Factorising and Rearranging Formulae

What is Rearranging with Factorising?

Rearranging with factorising means rewriting an equation to isolate a variable (make it the "subject") when that variable appears in multiple terms. Factorising helps to group these terms together, making it easier to solve or rearrange.

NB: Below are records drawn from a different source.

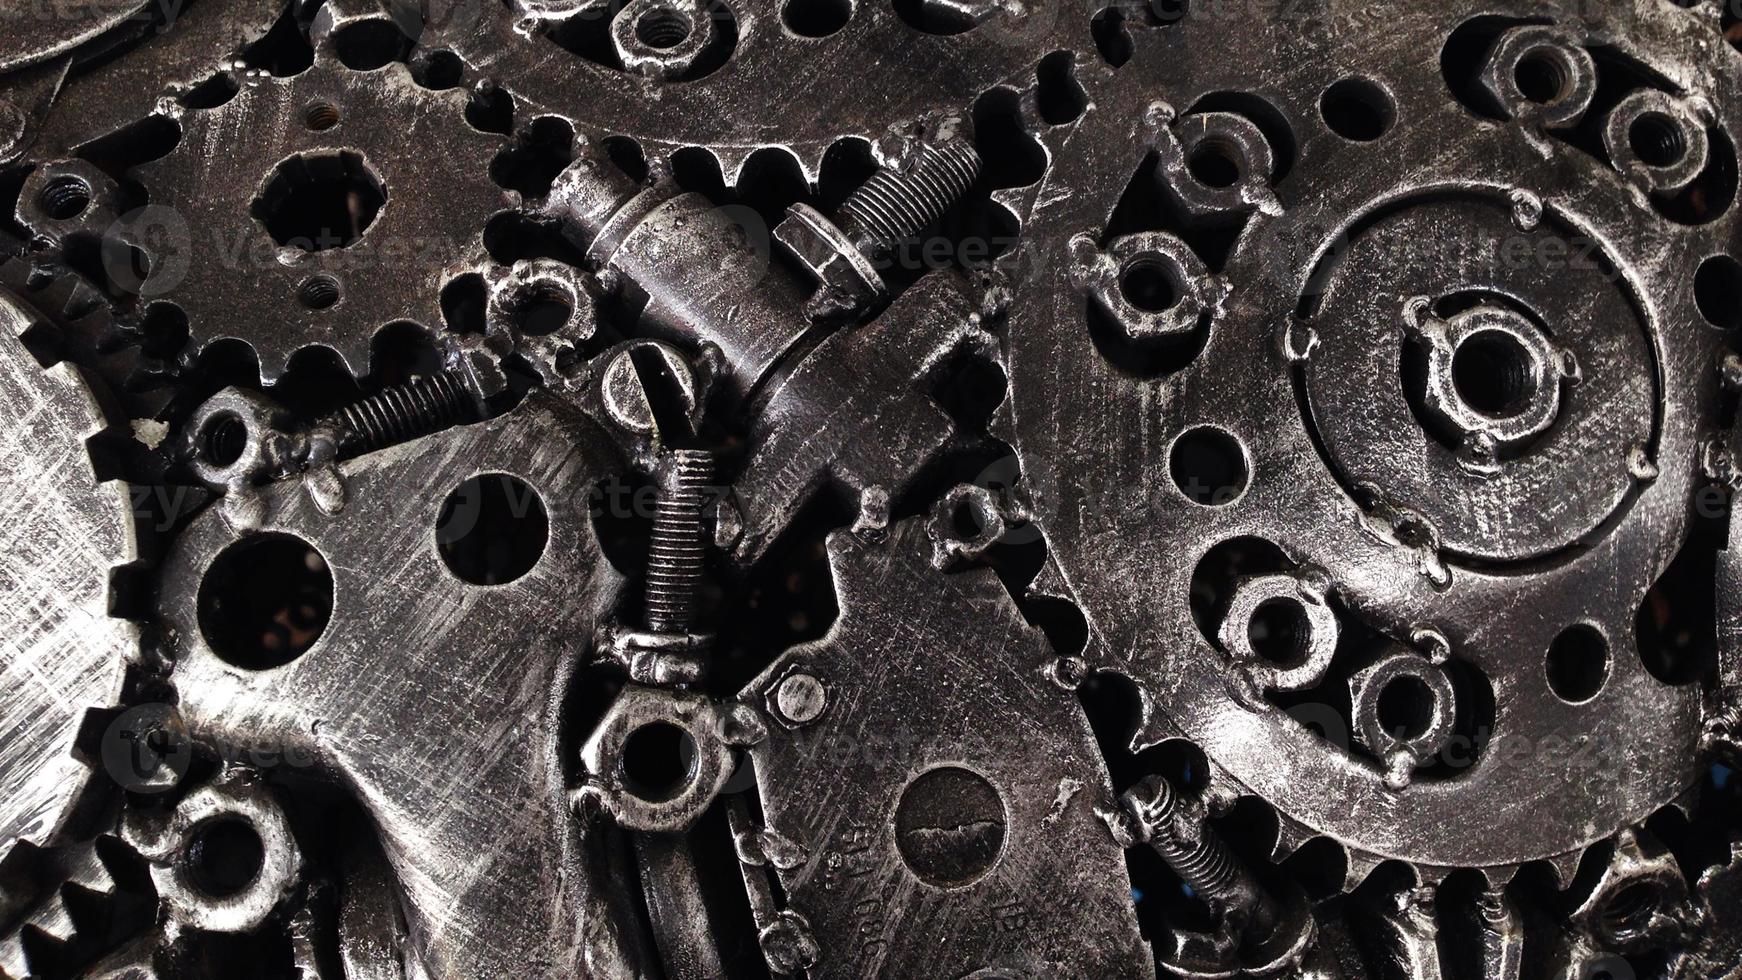 Scrap metal steel textures and patterns creative designs photo
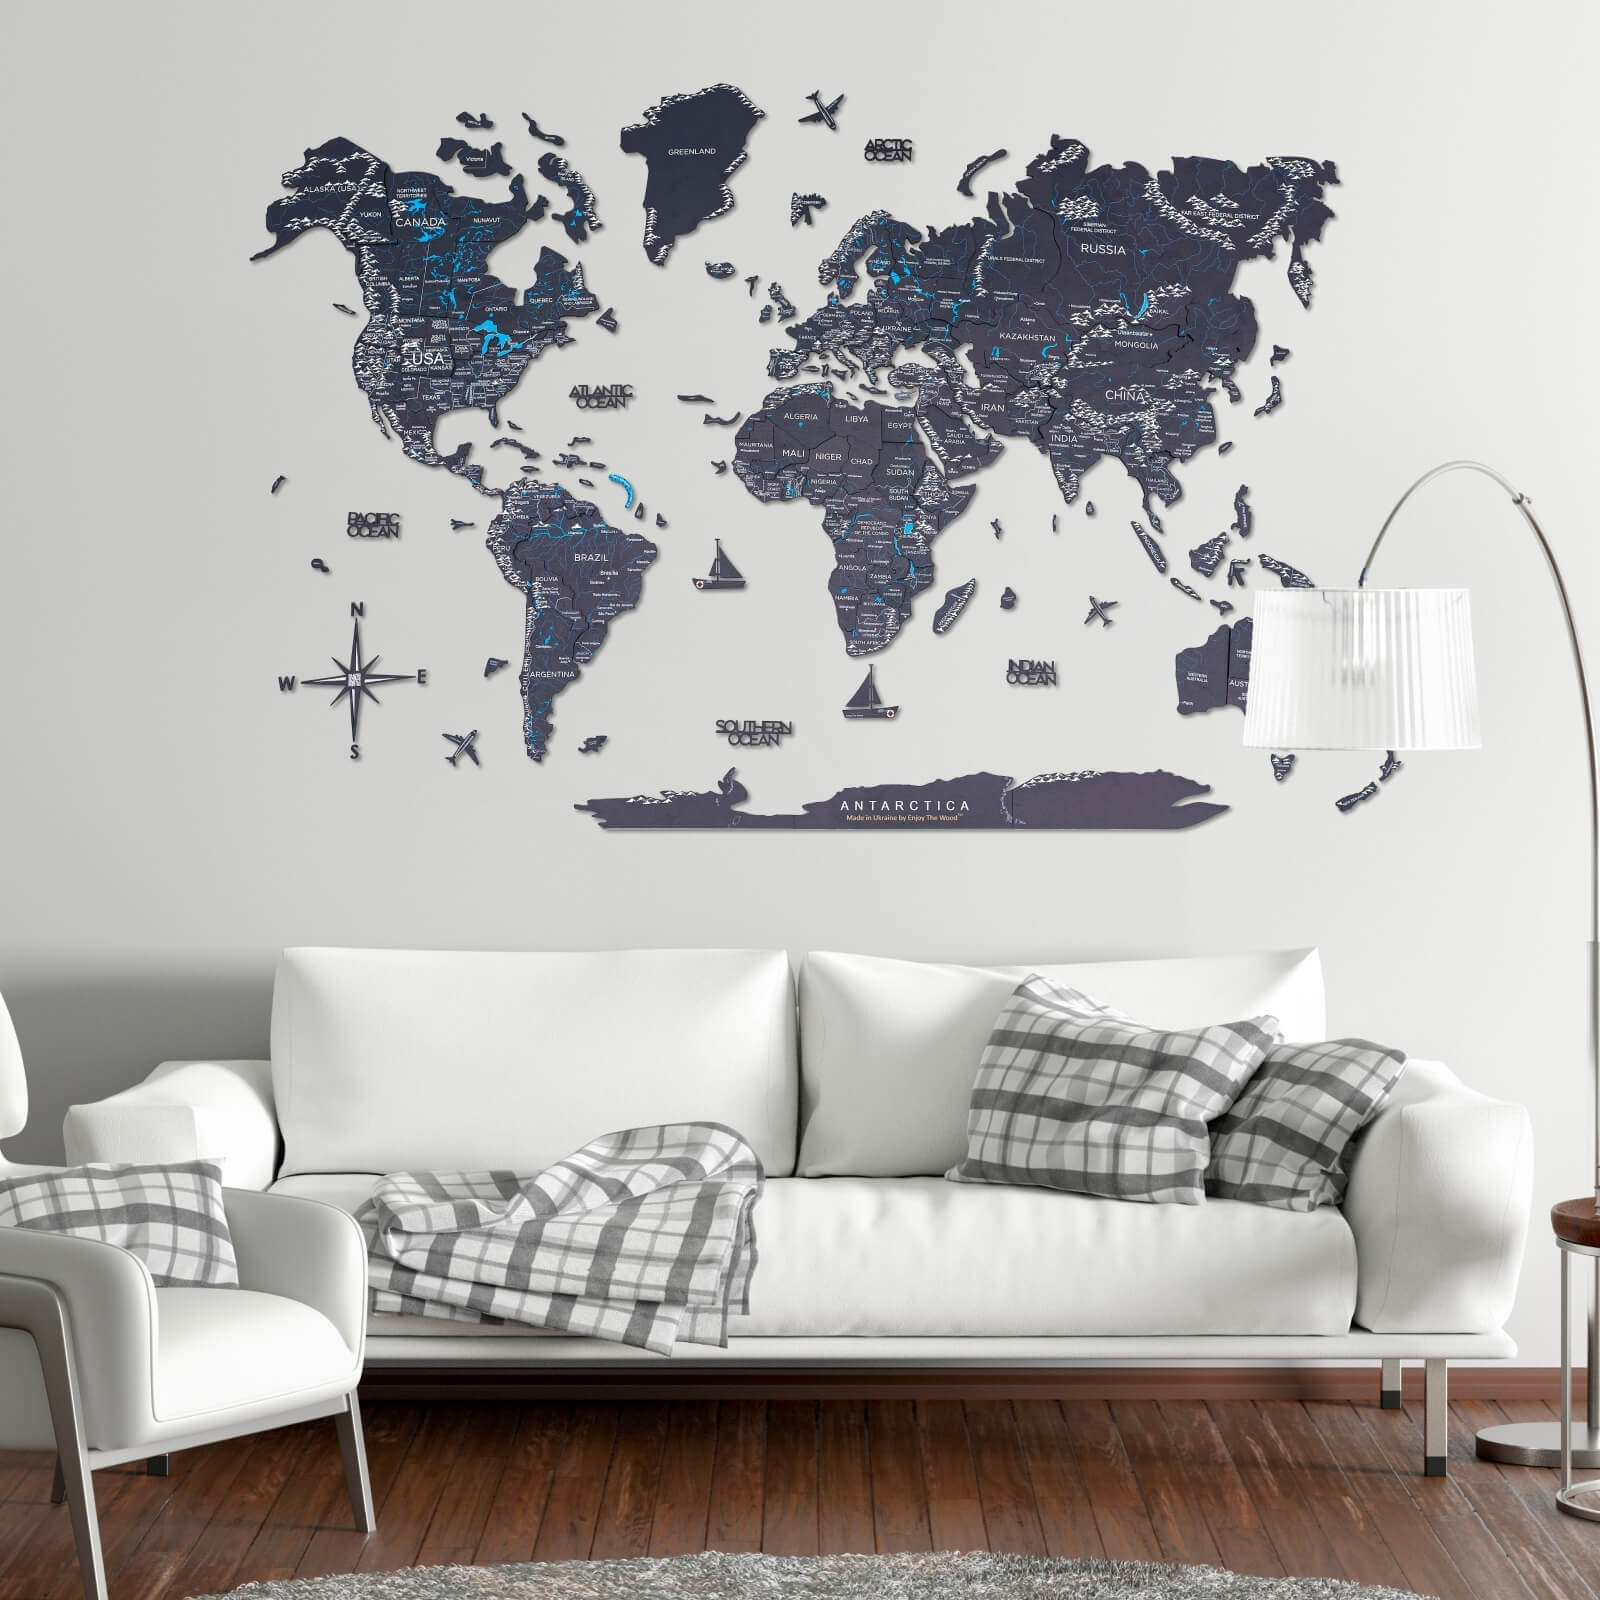 black world map
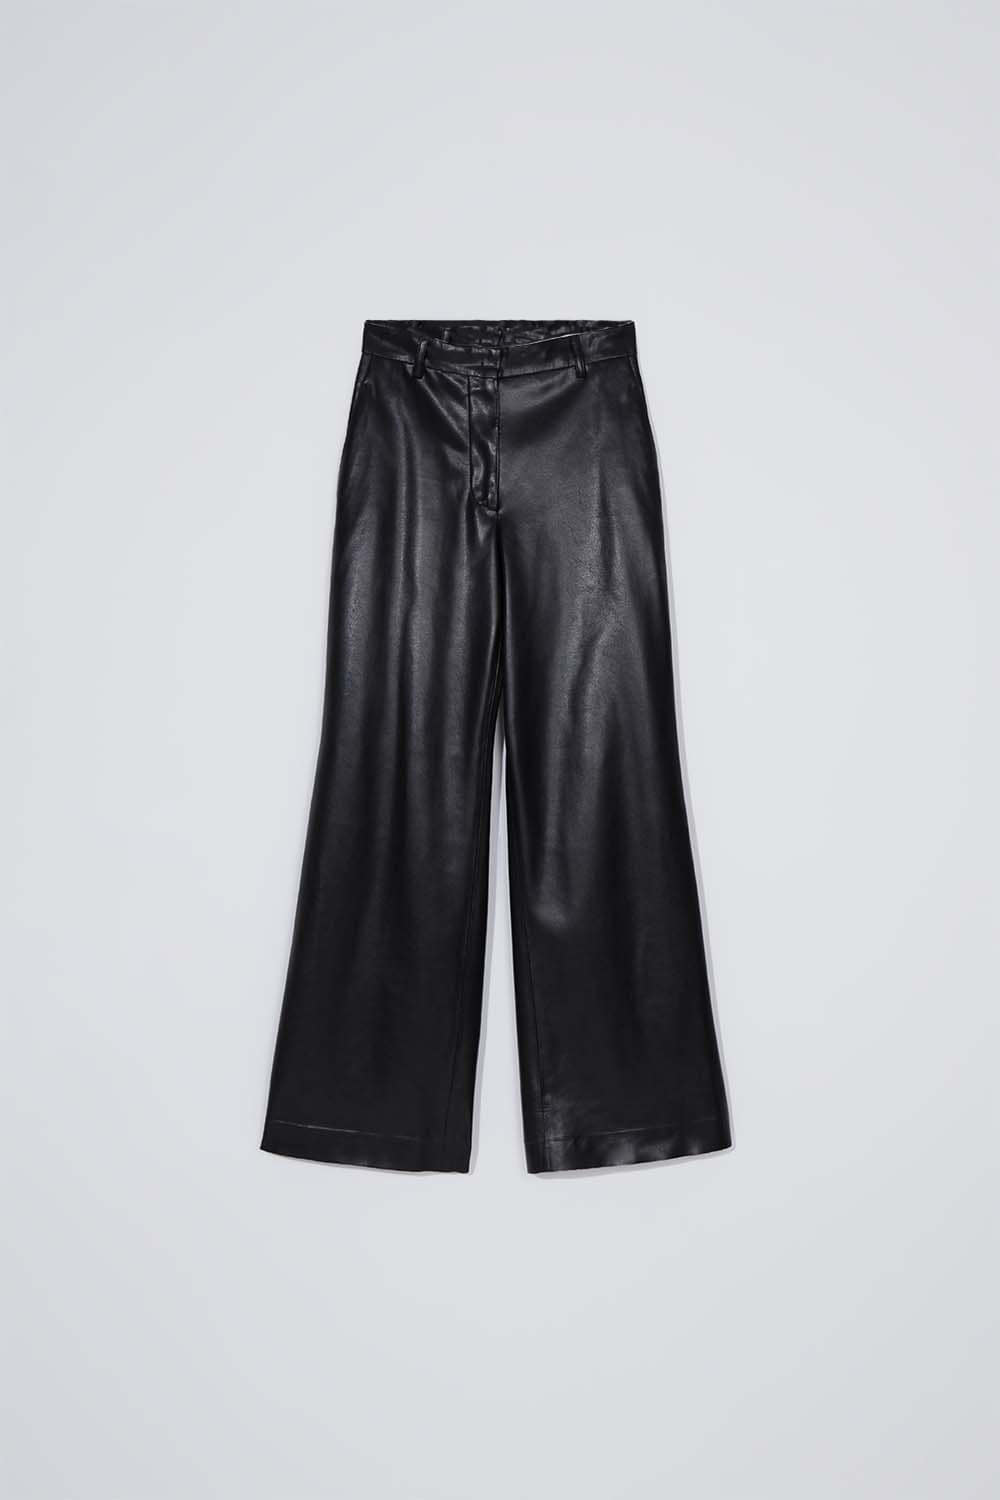 Straight pants(leather)_black

Think of factorising like "tidying up" an equation—grouping common parts so the variable you need is neatly on one side.

 

General Steps for Rearranging with Factorising

1. Identify the Variable: Find the variable you need to make the subject. It might appear in more than one term.
2. Group Terms: Bring all terms with the chosen variable to one side of the equation.
3. Factorise: Take out the common factor (usually the variable) to simplify.
4. Solve for the Variable: Divide or rearrange further to isolate the variable.

 

Example

Rearrange $y = 3x + px$ to make $x$ the subject

Step 1: Identify the terms with $x$: $$y = 3x + px$$

Step 2: Factorise $x$ from the terms: $$y = x(p + 3)$$

Step 3: Divide by $(p + 3)$ to isolate $x$: $$x = \frac{y}{p + 3}$$

 

 

 

 

Example

Rearrange $z = \frac{2x}{x + 1}$ to make $x$ the subject

Multiply through by $(x + 1)$: $$z(x + 1) = 2x$$

Expand: $$zx + z = 2x$$

Reorganise: $$zx - 2x = -z$$

factorise: $$x(z - 2) = -z$$

Divide: $$x = \frac{-z}{z - 2}$$